Work to be completed: All of the listing below must be repeated word for word. Pictures are the only thing to omit.

=== Collected material ===

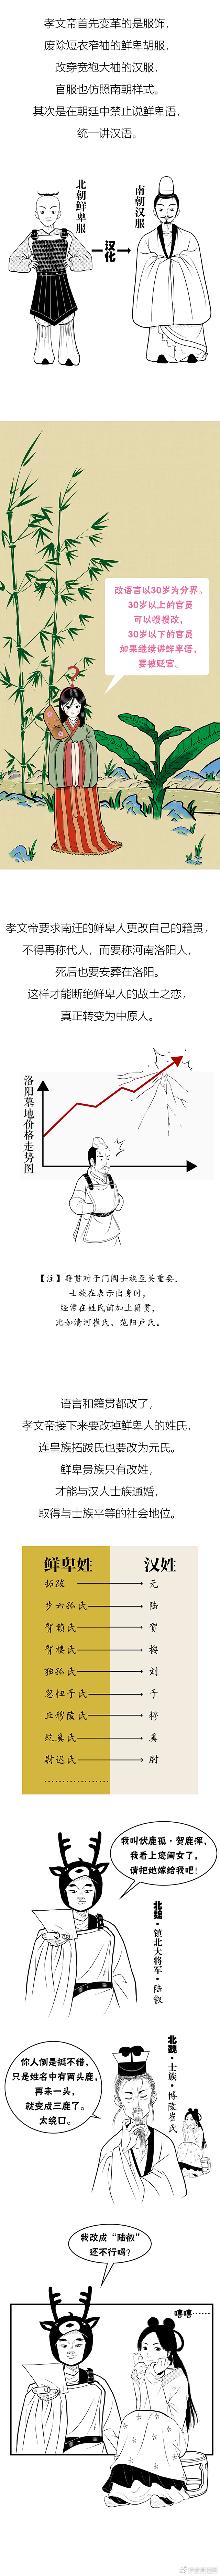 孝文帝汉化北魏是因为汉服好看吗?
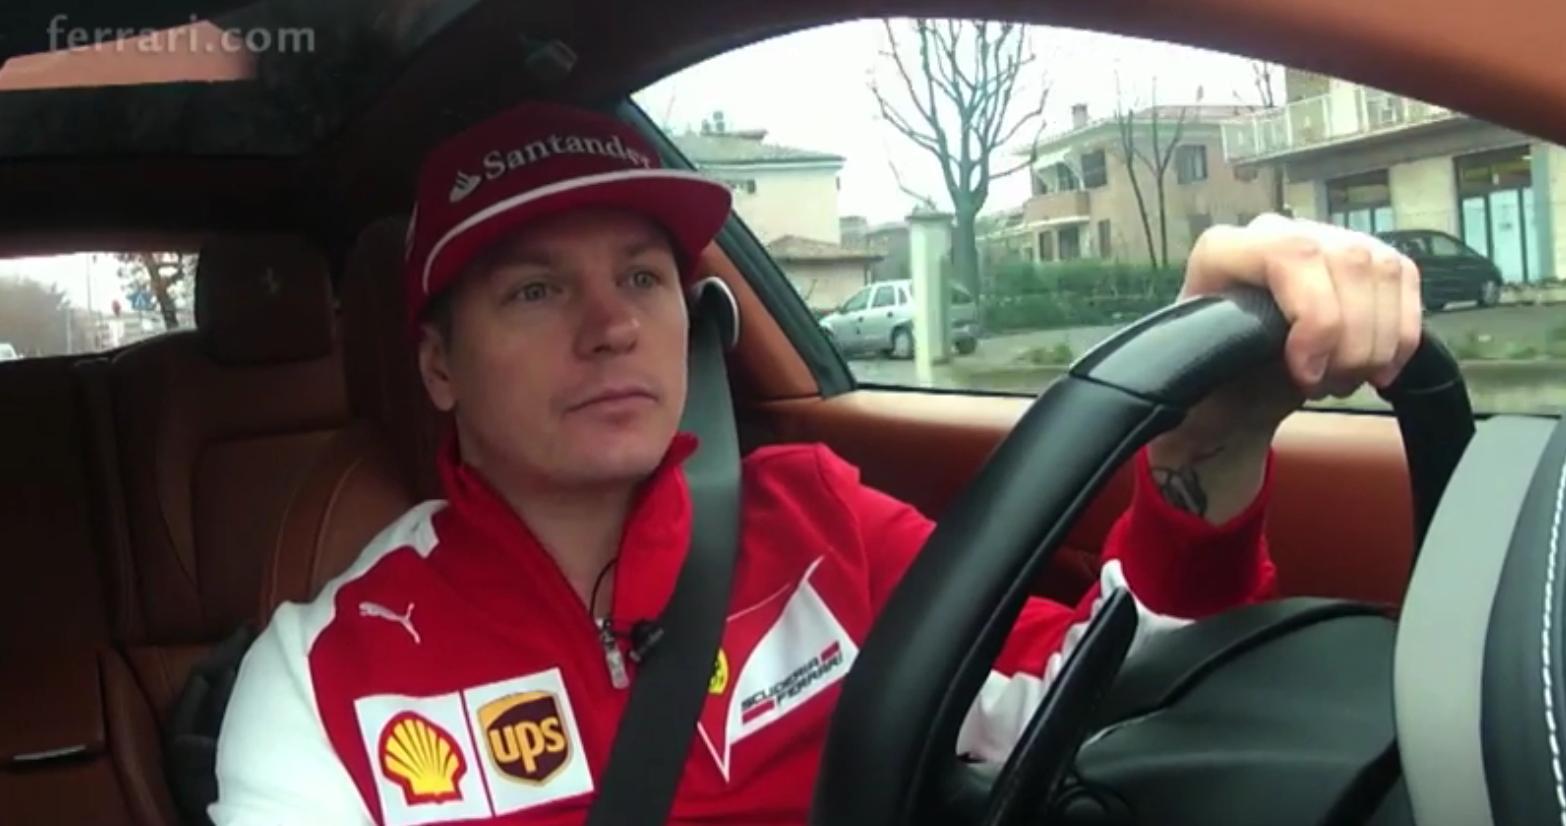 Levezető kör: Élő-képes rádiós adással jelentkezik az F1-live.hu! 18:00-20:00
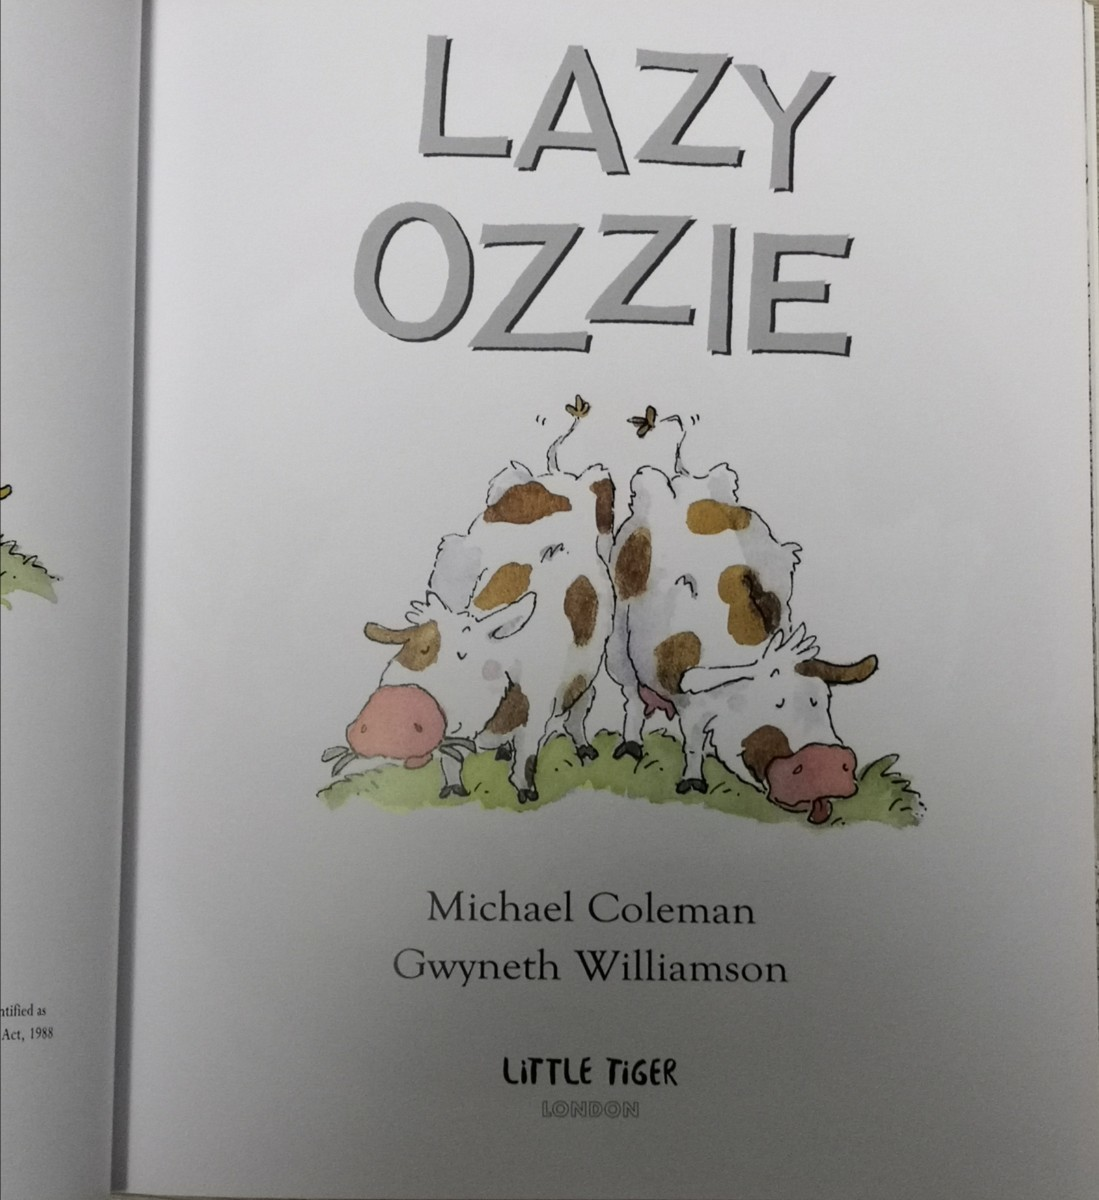 動物英語絵本 Lazy Ozzie
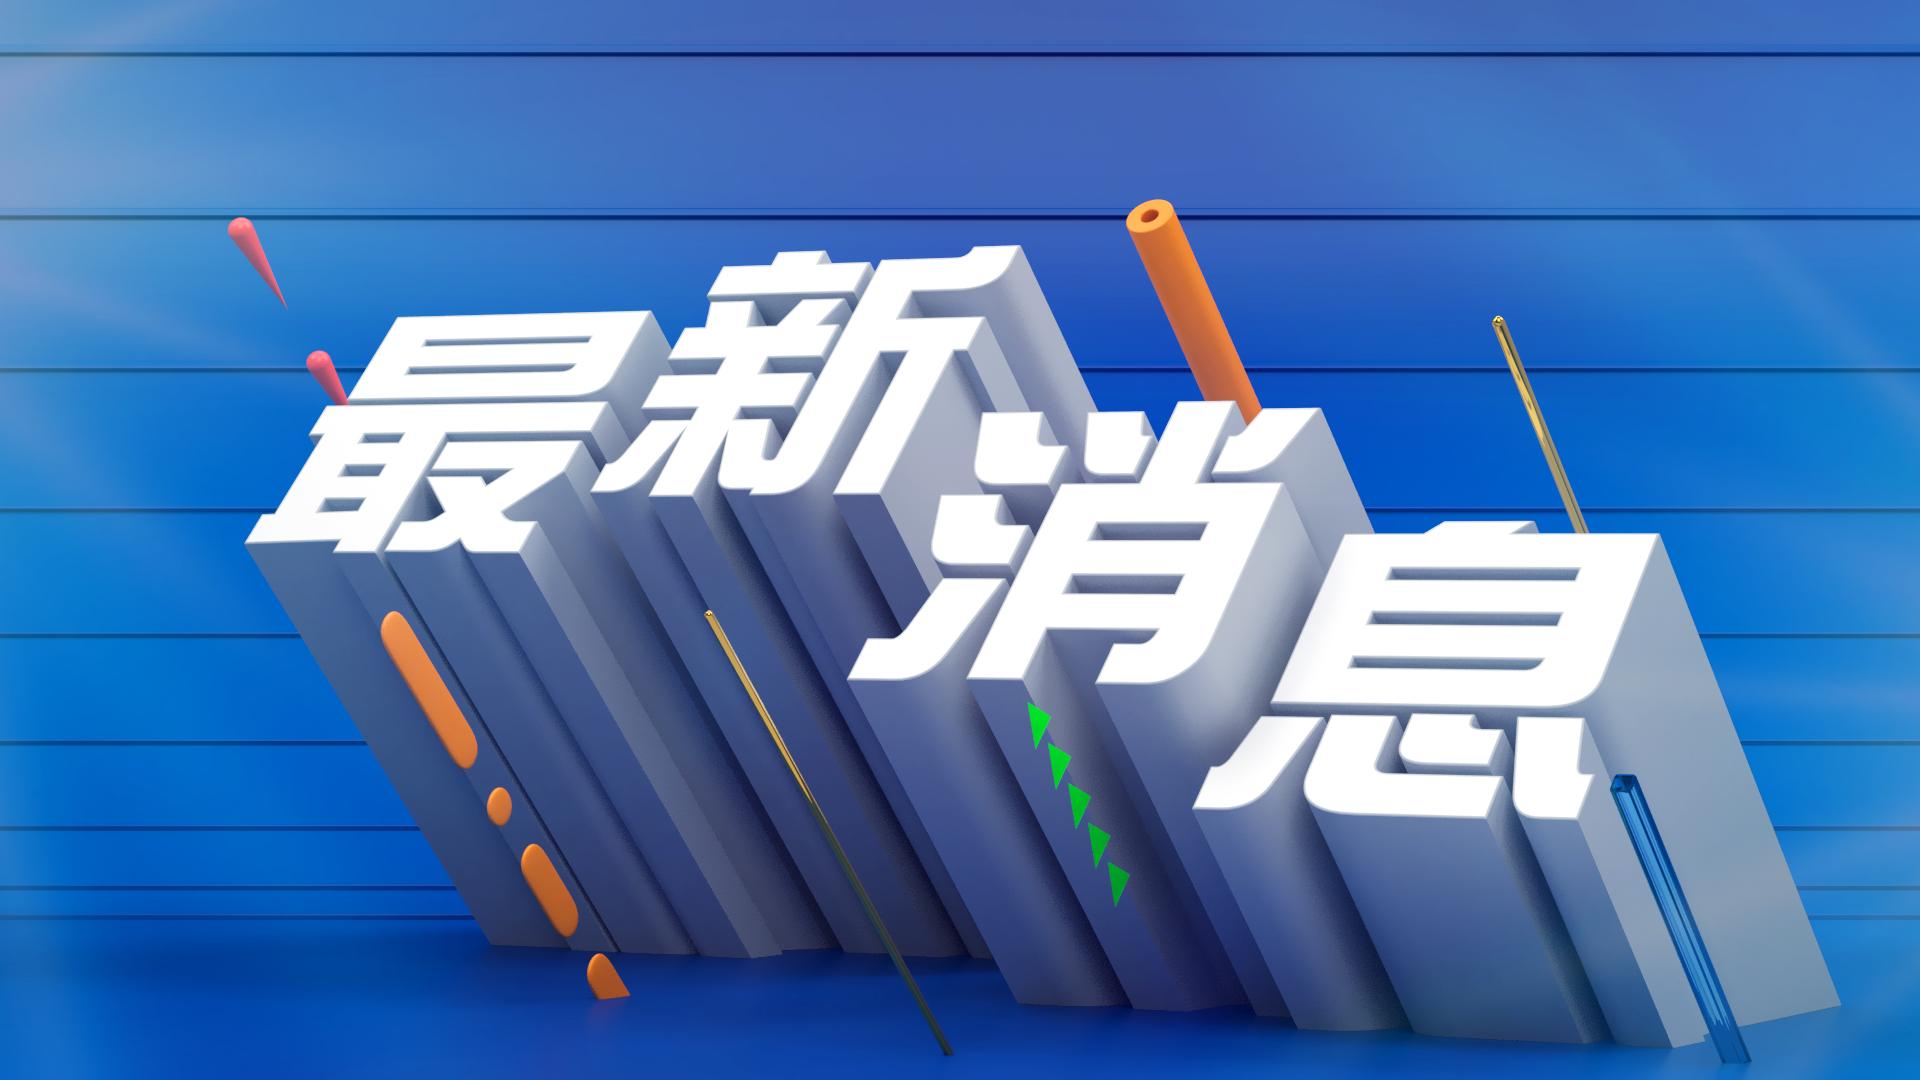 【11月21日交通消息】港鐵、巴士及渡輪最新安排(2140)

===

Answer to the problem:
 孝文帝汉化北魏是因为汉服好看吗?
 Levezető kör: Élő-képes rádiós adással jelentkezik az F1-live.hu! 18:00-20:00
 動物英語絵本 Lazy Ozzie
 【11月21日交通消息】港鐵、巴士及渡輪最新安排(2140)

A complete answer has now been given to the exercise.